Nov 14 14:20:19 frame systemd-udevd[543]: card1: Process '/nix/store/wadmyilr414n7bimxysbny876i2vlm5r-bash-5.1-p8/bin/bash -c 'mknod -m 666 /dev/nvidia1 c $(grep nvidia-frontend /proc/devices | cut -d \  -f 1) 1'' failed with exit code 1.
Nov 14 14:20:19 frame systemd-udevd[543]: card1: Process '/nix/store/wadmyilr414n7bimxysbny876i2vlm5r-bash-5.1-p8/bin/bash -c 'mknod -m 666 /dev/nvidia1 c $(grep nvidia-frontend /proc/devices | cut -d \  -f 1) 1'' failed with exit code 1.
Nov 14 14:20:19 frame systemd-udevd[543]: card1: Process '/nix/store/wadmyilr414n7bimxysbny876i2vlm5r-bash-5.1-p8/bin/bash -c 'mknod -m 666 /dev/nvidia1 c $(grep nvidia-frontend /proc/devices | cut -d \  -f 1) 1'' failed with exit code 1.
Nov 14 14:20:19 frame systemd-udevd[543]: card1: Process '/nix/store/wadmyilr414n7bimxysbny876i2vlm5r-bash-5.1-p8/bin/bash -c 'mknod -m 666 /dev/nvidia1 c $(grep nvidia-frontend /proc/devices | cut -d \  -f 1) 1'' failed with exit code 1.
Nov 14 14:20:19 frame systemd-udevd[543]: card1: Process '/nix/store/wadmyilr414n7bimxysbny876i2vlm5r-bash-5.1-p8/bin/bash -c 'mknod -m 666 /dev/nvidia1 c $(grep nvidia-frontend /proc/devices | cut -d \  -f 1) 1'' failed with exit code 1.

I wonder what those process failures are at the very end of the journalctl log…

Again, thank you in advance for any help, and please let me know if I can provide any more information.

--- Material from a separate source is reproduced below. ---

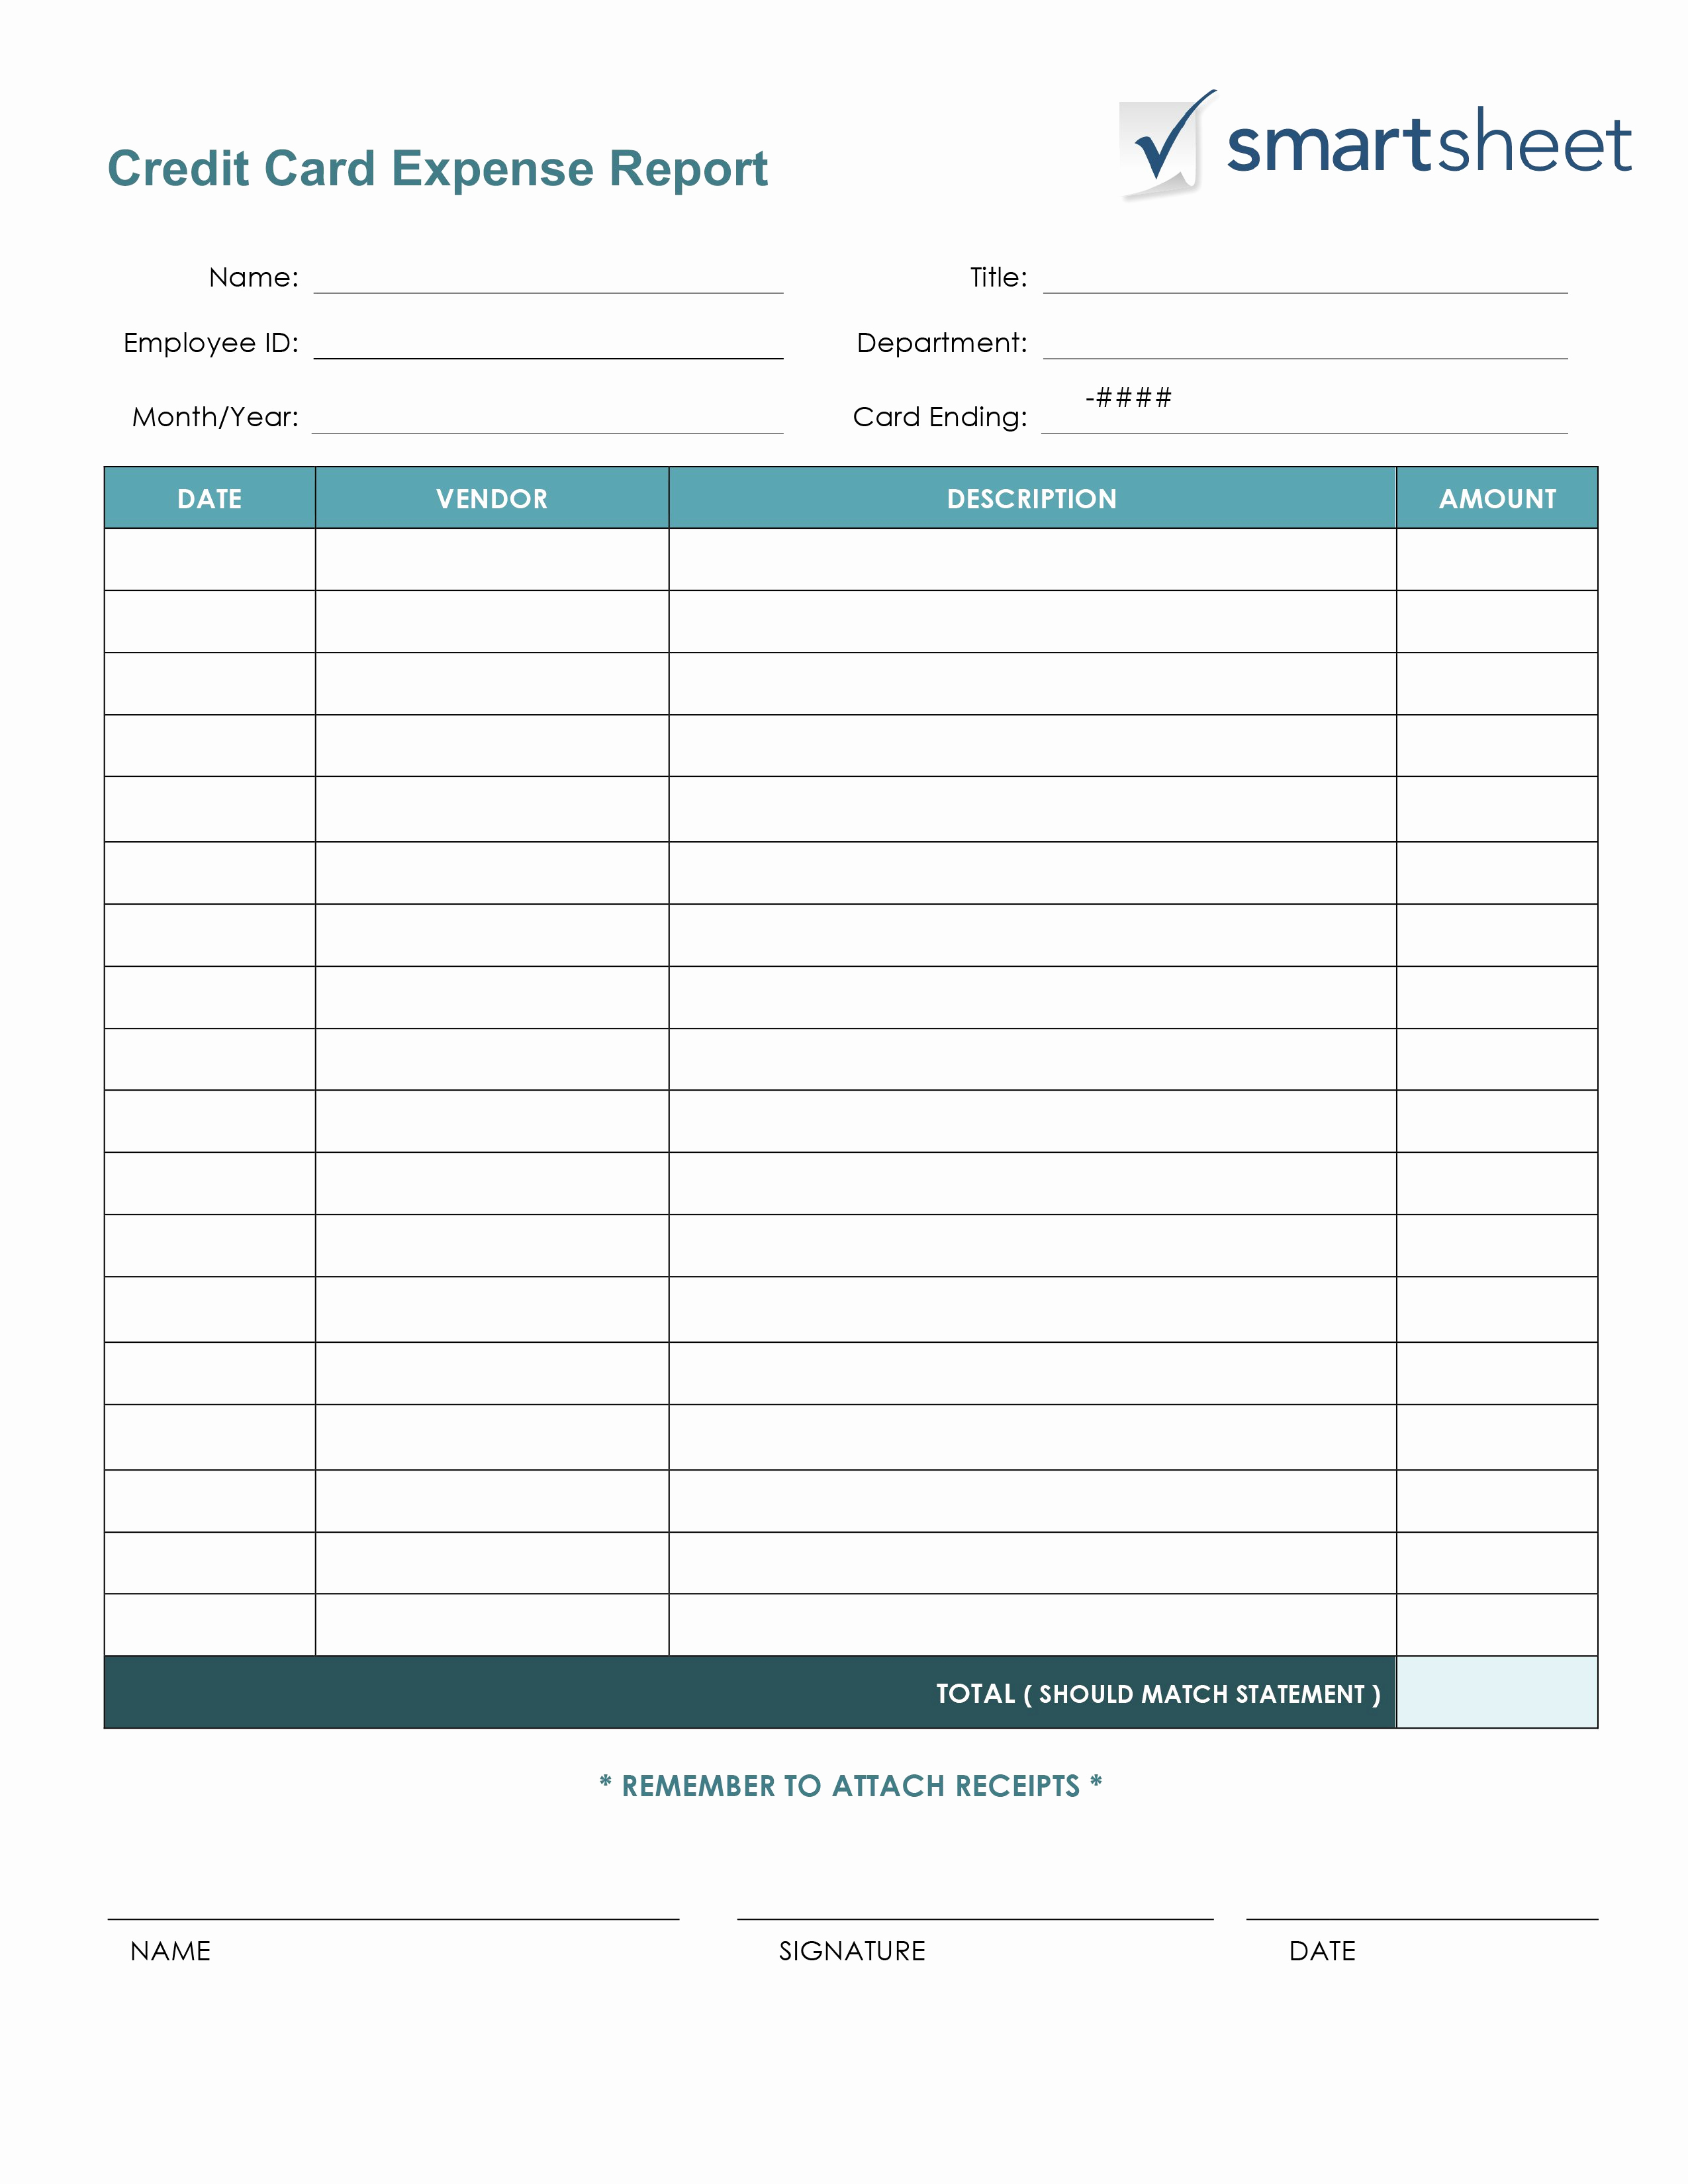 Free Expense Report Template Luxury Free Expense Report Templates Smartsheet

enricozb · November 15, 2021, 9:02am

I think I might have fixed this myself. After reading this section of the eGPU arch wiki page, I noticed that my generated xorg.conf differed from the recommended one. (To output the generated xorg.conf file, I set services.xserver.exportConfiguration = true;) Specifically, my xorg.conf had this section:

Section "Device"
  Identifier "Device-nvidia[0]"
  Driver "nvidia"
  Option "AccelMethod" "glamor"
  BusID "PCI:4:0:0"
EndSection

But if you compare this to the arch wiki page, it’s missing Option "AllowExternalGpus" "True". So after searching for AllowExternalGpus in the nixpkgs repo, I found that setting

hardware.nvidia.prime.sync.allowExternalGpu = true;

fixed it! Again, I’m not using sync, but it looks like setting this option here sets it for offload as well.

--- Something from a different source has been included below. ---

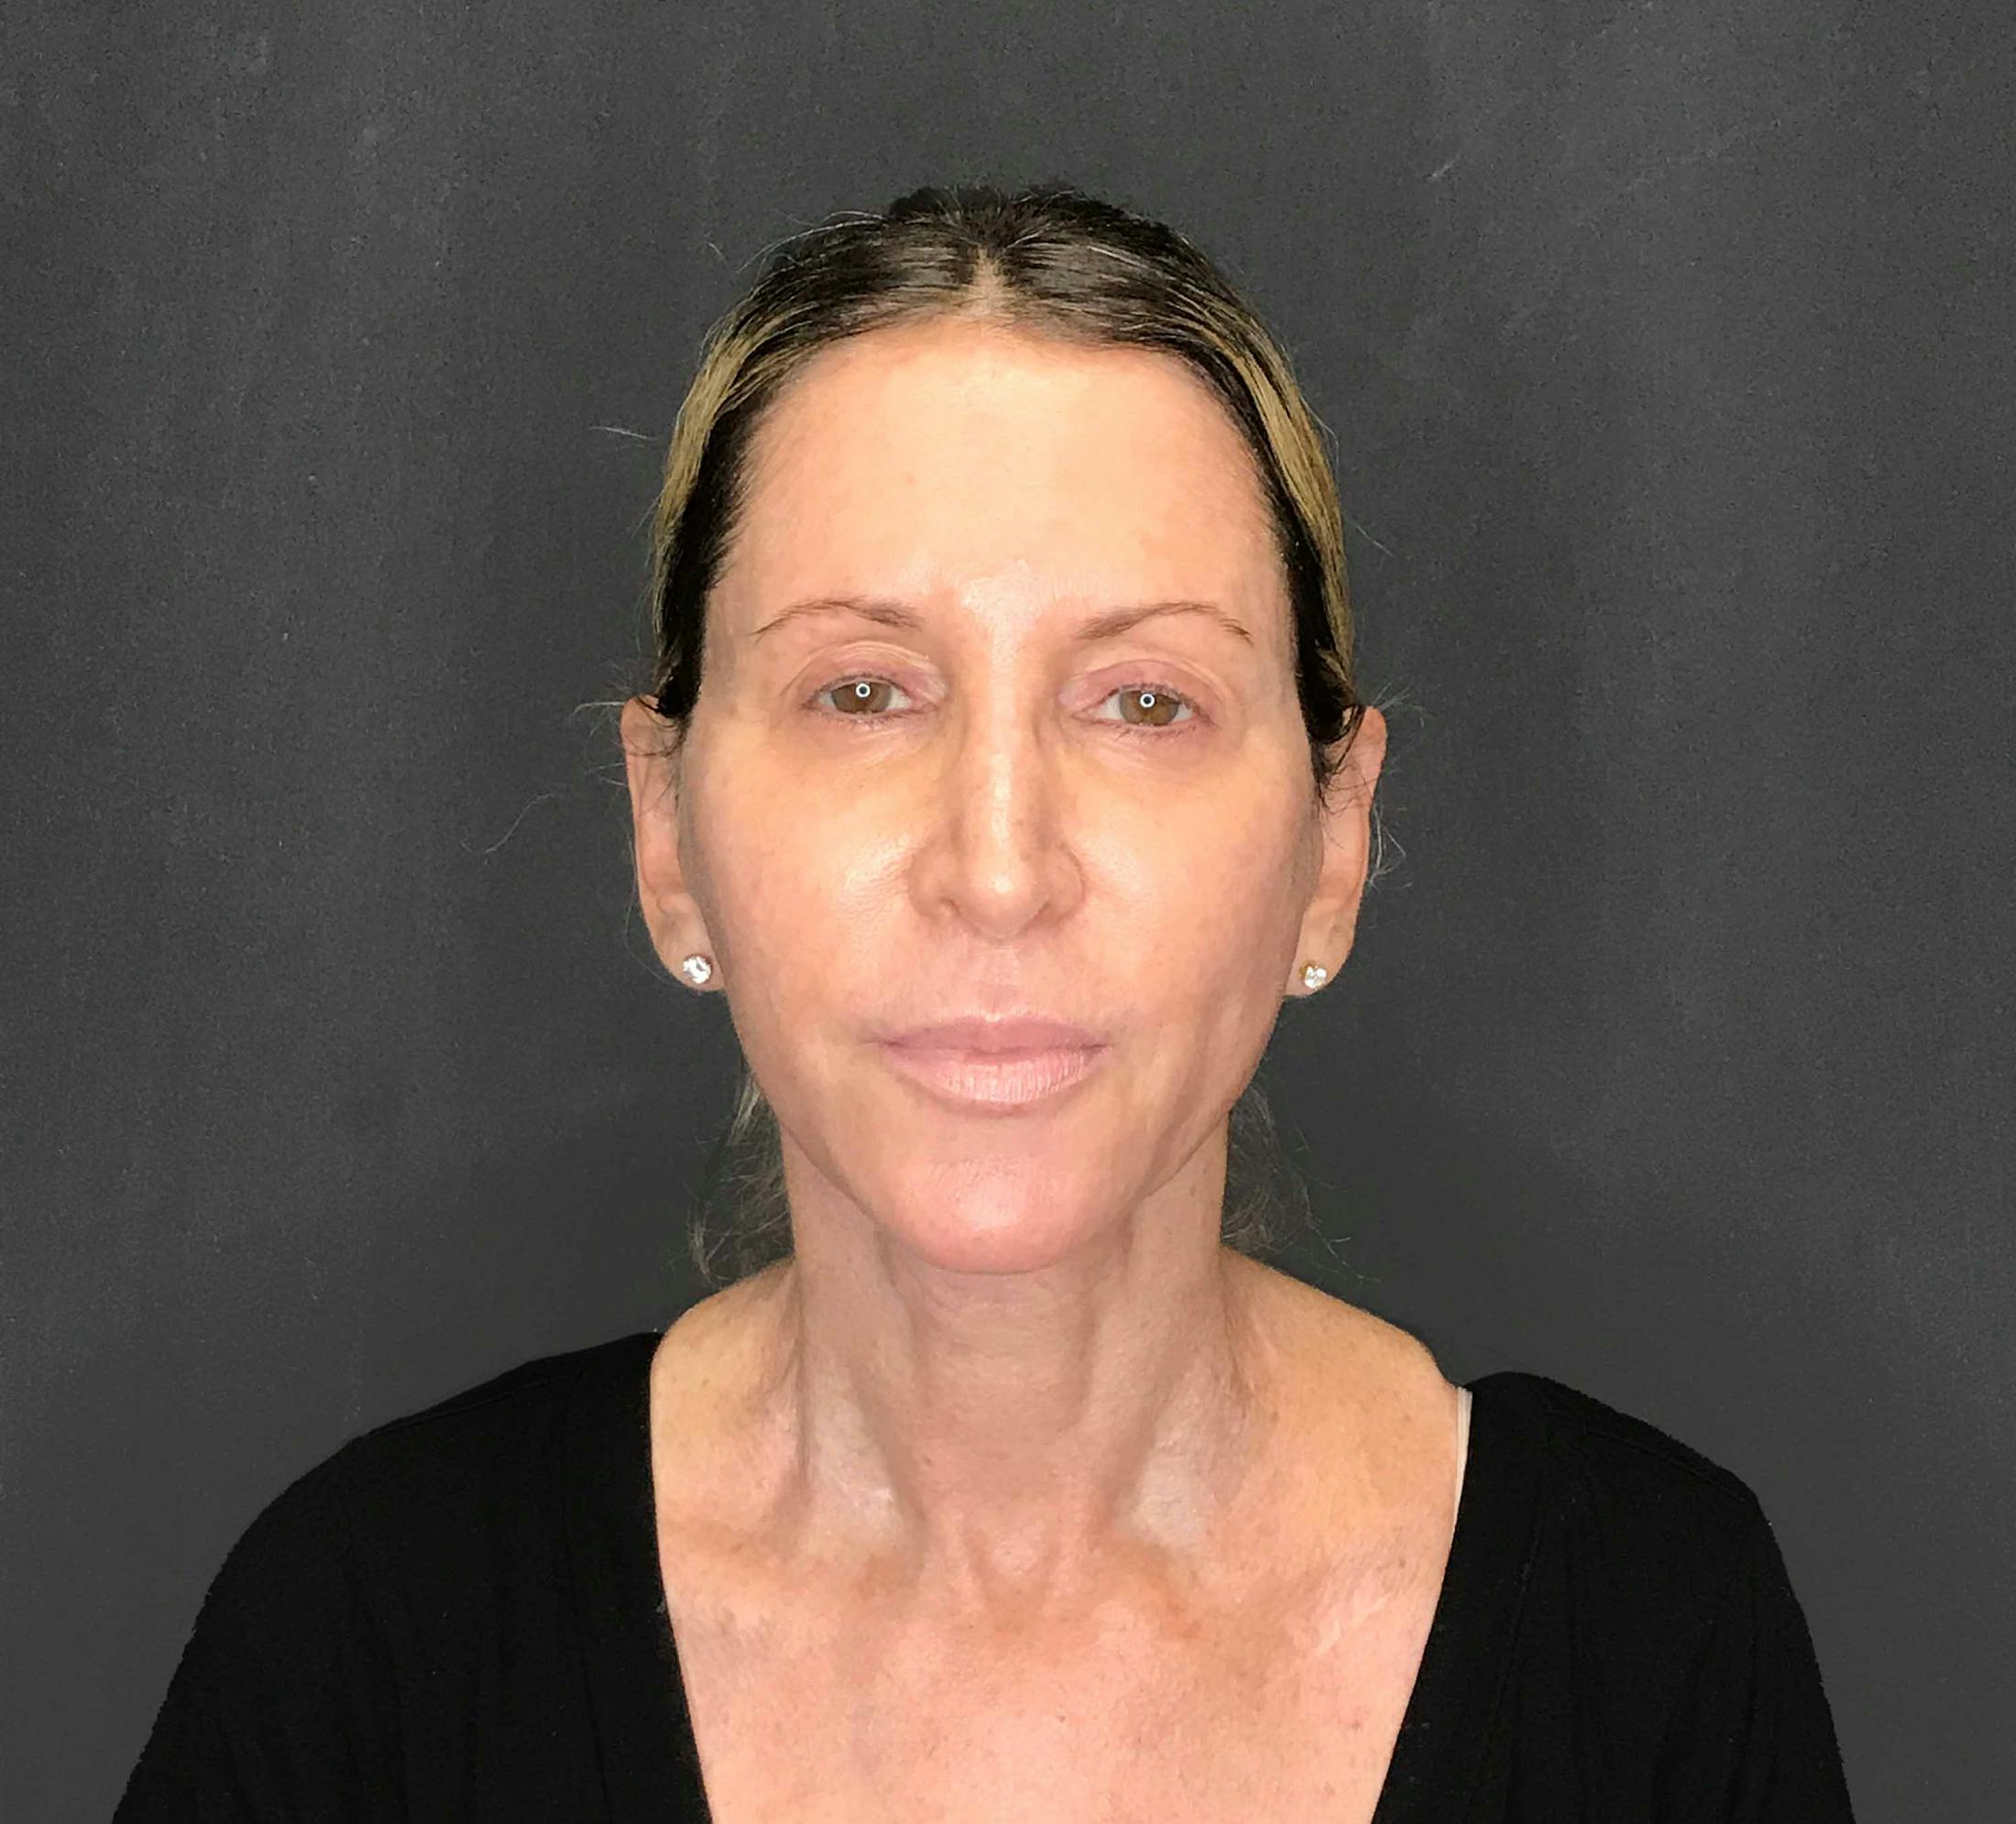 Facelift & Necklift after in NYC front view p#1

Now xrandr --listproviders outputs:

Providers: number : 2
Provider 0: id: 0x48 cap: 0xf, Source Output, Sink Output, Source Offload, Sink Offload crtcs: 4 outputs: 5 associated providers: 0 name:modesetting
Provider 1: id: 0x24e cap: 0x2, Sink Output crtcs: 4 outputs: 8 associated providers: 0 name:NVIDIA-G0

as expected. And nvidia-offload glxinfo | grep "OpenGL renderer" outputs:

Failed to establish dbus connectionOpenGL renderer string: NVIDIA GeForce GTX 1070/PCIe/SSE2

Not sure how to interpret the failed dbus connection.